Draper Esprit first invested in Trustpilot’s Series C back in 2013. Trustpilot had seen earlier rounds of investment from our friends Seed Capital, Northzone and Index Ventures (Seed, Series A and B). We were taken with Peter’s vision, and the team’s execution was impressive. Draper Esprit followed its investment in Trustpilot’s Series D in 2015 and Series E in 2019. In line with our belief in building our support for our best companies, we also built our position through secondary acquisitions when possible. For us the ability to increase our stake was one of the great benefits of being publicly listed – we were able to offer greater returns to our shareholders by increasing our shareholding in an incredible company.

Yet our commitment and connection with Trustpilot has gone far beyond investment of capital. Throughout our time, we have remained an active participant on Trustpilot’s board, a service we see as a vital part of Draper Esprit’s contribution to our portfolio. We’ve been privileged to offer Peter and his team our support on topics as diverse as recruitment of key hires or working on market entry strategies – particularly the US. In a world where capital is becoming increasingly commodified, this added value, this ability to function as a trusted advisor is what we try to offer all our portfolio. We are delighted to have played our part in the development of this company, valued at IPO at £1.1bn, and one we hope will continue growing in the years ahead.

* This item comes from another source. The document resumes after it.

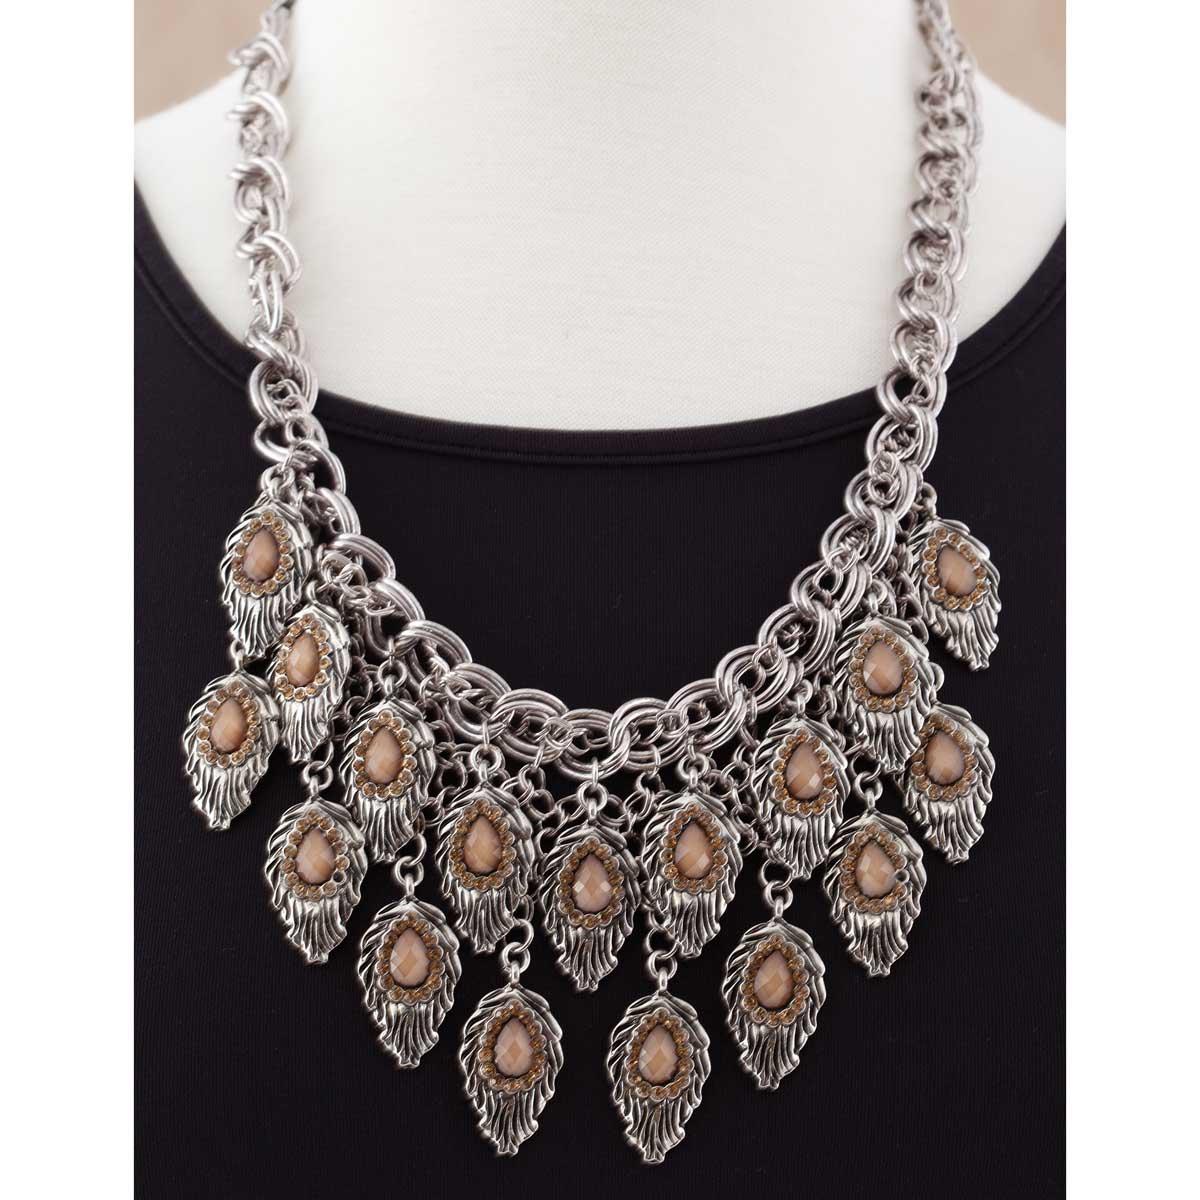 Antique Silver Multi Leaf Necklace *30sp

This week, as Trustpilot floats on London Stock Exchange, its shareholder group will broaden to include high quality public market investors. As with our own experience, moving from private to public leads to changes in company profile and business structures, but going public is a vital step in Trustpilot’s future sustainability and we remain supporters of this special company. Ultimately, our pride in the Trustpilot team gets to the essence of why Draper Esprit is committed to taking a long-term, sustainable view on venture capital investment. Good venture capital investments are about more than just ‘capital’, they are a commitment to building a great company, and commitment is impossible without trust.